As I've grown older, and sunk deeper into the throngs of my responsibilities as a small business owner, I've erroneously strayed away from that part once so core to my former self.
Today, however, a glimpse of the old "young" me returned at the counter of the Burien post office branch no less. The nicest woman helped me. I remembered her from a previous time around the holidays, when the office was jam-packed with people shipping and mailing all there holiday who knows whats. She wasn't very nice to me then. If I had to handle all those pensive people, one after another, for hours on end, I wouldn't be very nice to me either, even if I was Pope Benedict.
So our conversation starts in the usual way. She asks me how I'm doing. I said well, thank you, how's your day going? She told me it was going well, she was just about done for the day, and it's her Monday. I smiled. She smiled.
Madonna's 'Everybody' was playing on the overhead speakers as background music. Out of nowhere she exclaims, "I LOVE MADONNA! This song, oh it takes me back. I think this was on her very first album, which I had on vinyl - I think I also had it on eight track. This was back when music was good, really good. Those were some good times ..." she ended a bit wistfully.
Believe me, I know great artists bring people together. Am I a racist for being a little bit surprised a middle aged black woman was into Madonna?
"Ah yes," I said. "The 1980s. What a great time to be alive. That was a time when optimism flowed freely through pop culture. We did have some incredible music back then, didn't we."

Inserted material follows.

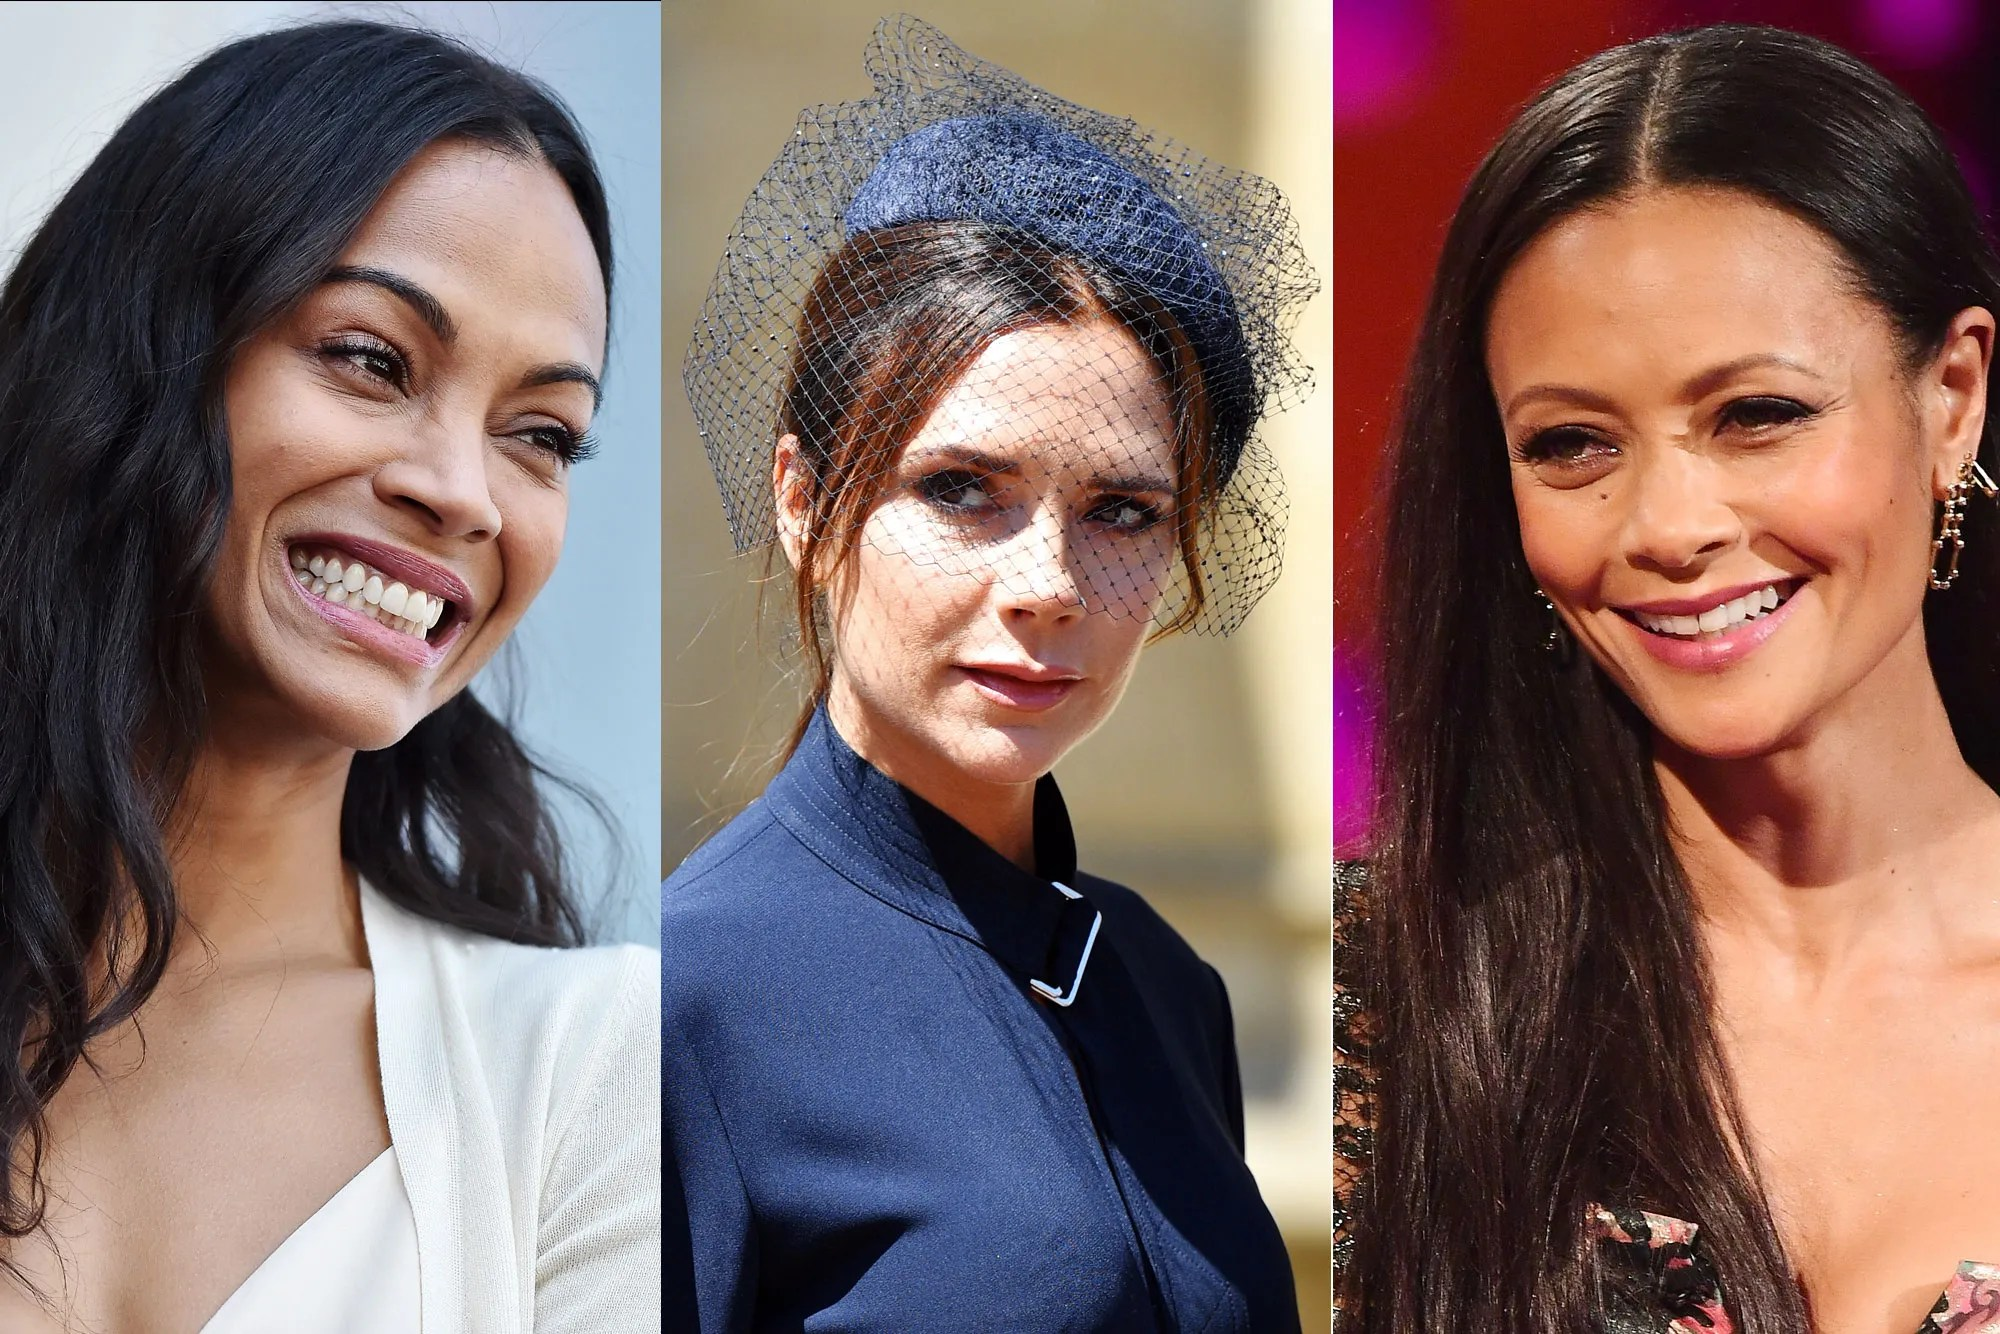 Compleet met uitgebreide filminformatie en trailers. Victoria Beckham Mistook Thandie Newton For Pregnant Zoe Saldana At Soulcycle Vanity Fair

Sidebar. I recently read an article about older music outselling new music for the first time in history. True story.
We continued bantering back and forth while she weighed and stamped each of my large letters. I remarked about being just a kid when this album debuted, a simpler time before having a real job. She let out a laugh and told me she was working her first job out of high school for the government. I asked what area. She proudly revealed for the department of defense. I asked her what she did for them. She was a paper shredder, working for minimum wage at $1.60 per hour at the base in Sand Point. I smiled, and she laughed a bit more considering what a measly sum that is by today's standards.
She asked if I grew up around here. I told her I did out in Issaquah. She asked if I graduated Issaquah High, to which I confirmed I had. She asked what year. I told her 92. She laughed again and told me I'm just a baby, she was 18 by then and she graduated in 1974 from Roosevelt. I asked if she lived in the Burien area. No, Skyway. She grew up in the Central District.
For a time she was in law school at Seattle College before it became Seattle University. She said thought she should have started at a two year school first, and she rushed to get out into the real world. I acknowledged when we were younger we were always in a hurry to grow up. And now that we're older, how we wish things could be how they were before we were tied down by our adult responsibilities.
She said she's now been with the post office for 30 years. I said it must be treating her fairly well for her to stay that long. She agreed it has been good. I asked what area of law she was studying to practice. She said corporate law. Her uncle was a corporate lawyer. She then said with a big smile by now she would be retired from her corporate practice on her own private island. That was her dream. I told her it's great to dream and it's never too late until it's too late.
I really felt a sense of connection today with this near perfect stranger. Near perfect because I recall having seen her at least once before. While we were bantering back and forth, someone came in to drop off a large basket of letters. I said hi to Lynn, and she greeted him back and asked how he was doing. So as we were saying our goodbyes I called her by name and told her to have a great rest of her day. She sure made mine!